To evaluate the effectiveness of the RW as a learning intervention, we (Kershaw et al., 2018, 2023; Kershaw & Gordon, 2024) assessed students’ comprehension of empirical research articles through a multiple-choice instrument called the Journal Article Comprehension (JAC) assessment, which asks students seven multiple choice questions about an empirical research article, covering the same topics as the RW (the JAC breaks the method into multiple questions). In past research, we only used one version of the JAC based on Beilock and Carr (2005). Using this JAC, we found that students who completed seven or more RWs improved on the JAC between pretest and posttest, while a control group who only completed one article summary did not improve on the JAC (Kershaw et al., 2018). We also found that completing three or four RWs is as effective as completing 9, 10, or 30 RWs (Kershaw et al., 2023; Kershaw & Gordon).

Although the RW is an effective instructional scaffold across multiple instructors and universities, its associated assessment, the JAC, has only used questions about one article, Beilock and Carr (2005). Giving the same assessment at pretest and posttest has been done in other studies that have found improvement in research comprehension (e.g., Bachiochi et al., 2011; Wenk & Tronsky, 2011), raising the concern of practice effects. Practice effects are extremely common in testing situations. For example, two meta-analyses showed an average improvement of one-quarter of a standard deviation for standardized cognitive ability tests (Hausknecht et al., 2007) and cognitive components of neuropsychological assessments (Calamia et al., 2012). Larger effect sizes were shown for identical test forms (Hausknecht et al.), but alternate forms eliminated practice effects for most tests (Calamia et al.).

The current study's aim was to replicate Kershaw et al.'s (2018, 2023; Kershaw & Gordon, 2024) methodology of assigning multiple RWs between pretest and posttest administrations of the JAC with the intent of replicating past findings that these practice assignments would improve students’ research comprehension. Further, my goal was to extend my past research by developing an alternate form of the JAC based on a different empirical article. Although we did not find practice effects on the JAC in a control group (Kershaw et al., 2018), developing an alternate form would allow for eliminating practice effects as a potential explanation of our past results. Further, an alternate form would allow instructors flexibility in choosing an assessment instrument. I hypothesized that the alternate form of the JAC would be just as sensitive as the original form in detecting changes in students’ empirical research article comprehension. Further, I did not expect differences in comprehension to change based on which form of the JAC was received.

Method

Participants and Instructional Context

The participants were 182 students enrolled in a face-to-face cognitive psychology course during the Fall 2021 through Spring 2023 semesters. Of the 182 students enrolled, 11 did not consent to share their data; 30 did not complete the assessments at pretest, posttest, or both; and 16 were retaking the course after failing it. Removal of data from these students resulted in a final sample of 125 participants. No demographic data were collected about the participants, but students in this course were generally in their second or third year of study, were all psychology majors, and were taking the course to fulfill a major requirement. At my university, cognitive psychology has statistics as a prerequisite but is taken before a content-based research methods course. Thus, this course is a bridge between statistics and research methods, with one of its skill goals being learning how to comprehend published research. The current sample of participants is from the same course, same university, and has the same instructor as groups in my past research (Kershaw et al., 2018, 2023; Kershaw & Gordon, 2024), thus replicating the sample characteristics and instructional context of my past research.

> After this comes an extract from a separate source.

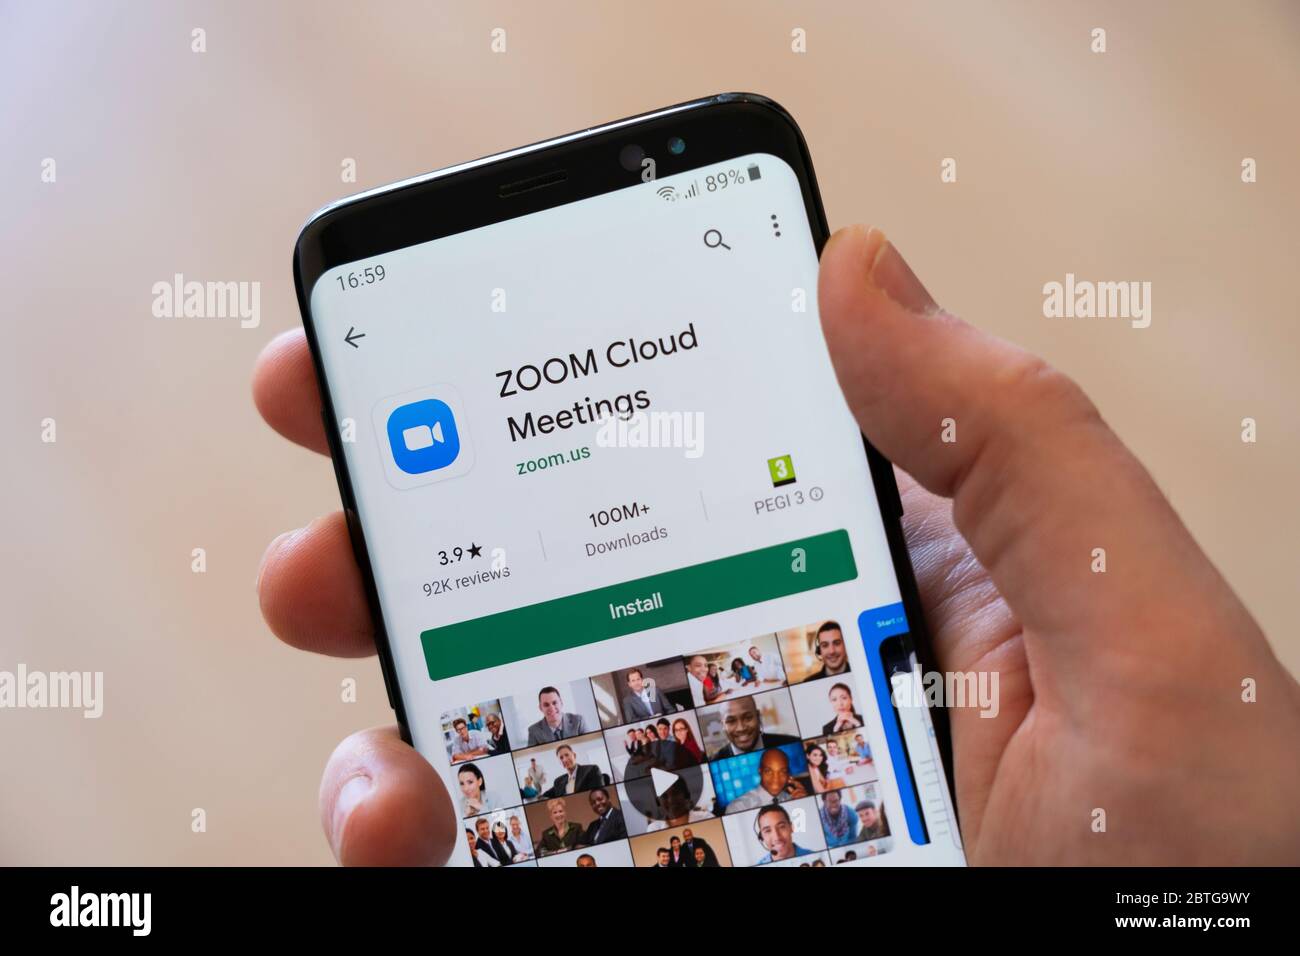 Ein Mann die Hand hält ein Smartphone zeigt die Google Play-Installationsbildschirm für die Video-Anruf Medien-App Zoom Cloud Meetings Stockfoto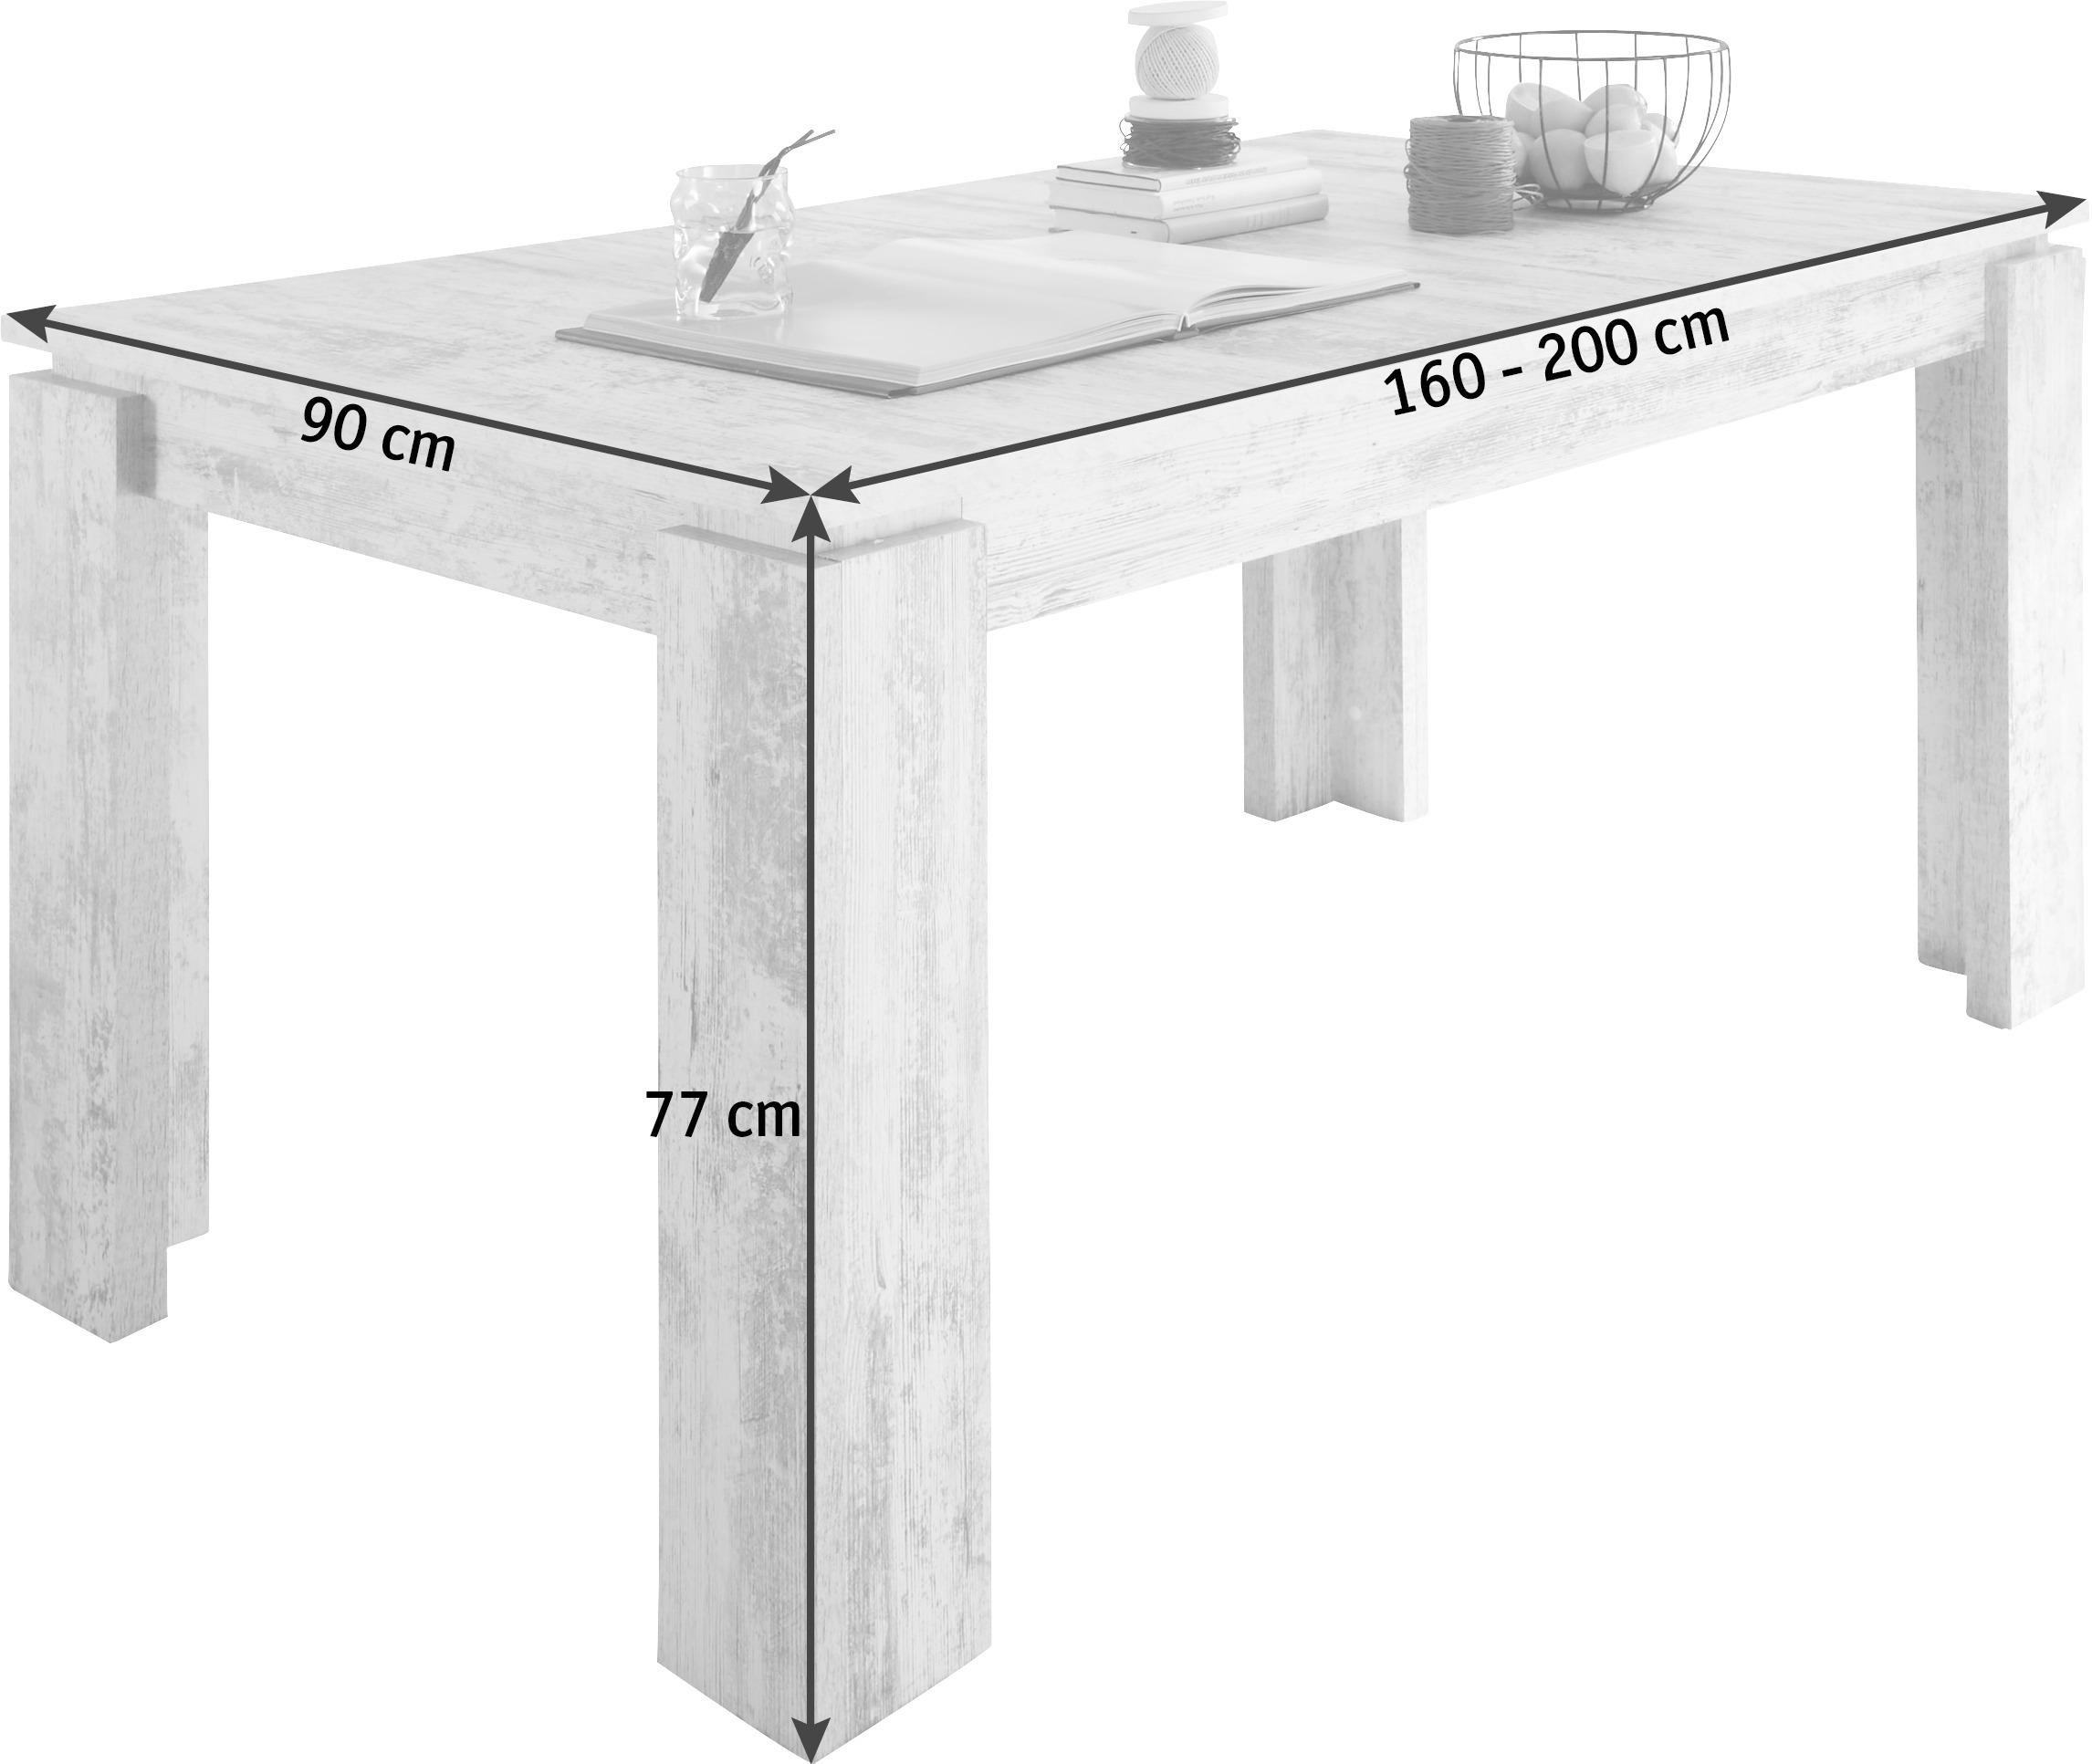 ESSTISCH 160-200/90/77 cm Weiß rechteckig  - Weiß, Design (160-200/90/77cm) - Carryhome

Students were randomly assigned to receive one version of the JAC assessment at the pretest and another version at the posttest. This resulted in 25 students receiving the Original JAC (based on Beilock & Carr, 2005) at pretest and posttest, 33 students receiving the Alternate JAC (based on Breslin & Safer, 2011) at pretest and posttest, 33 students receiving the Original JAC at pretest and the Alternate JAC at posttest, and 34 students receiving the Alternate JAC at pretest and the Original JAC at posttest. Group membership is uneven due to the removal of data for not consenting, retaking the course, or not completing the pretest, posttest, or both, as explained above. Kershaw et al. (2018, 2023; Kershaw & Gordon, 2024) only used the Original JAC at pretest and posttest, making the development and administration of the Alternate JAC an extension of my past research.

Materials

Beilock and Carr (2005) was used as the article for the Original JAC by Kershaw et al. (2018, 2023; Kershaw & Gordon, 2024). I chose Breslin and Safer (2011) for the Alternate JAC following the guidelines I used to originally select Beilock and Carr: a short article, a single study, and related to topics covered in the cognitive psychology course. It is about a different topic, autobiographical memory for sporting events, than Beilock and Carr, which is about how individual differences in working memory capacity predict choking under pressure in mathematical problem-solving.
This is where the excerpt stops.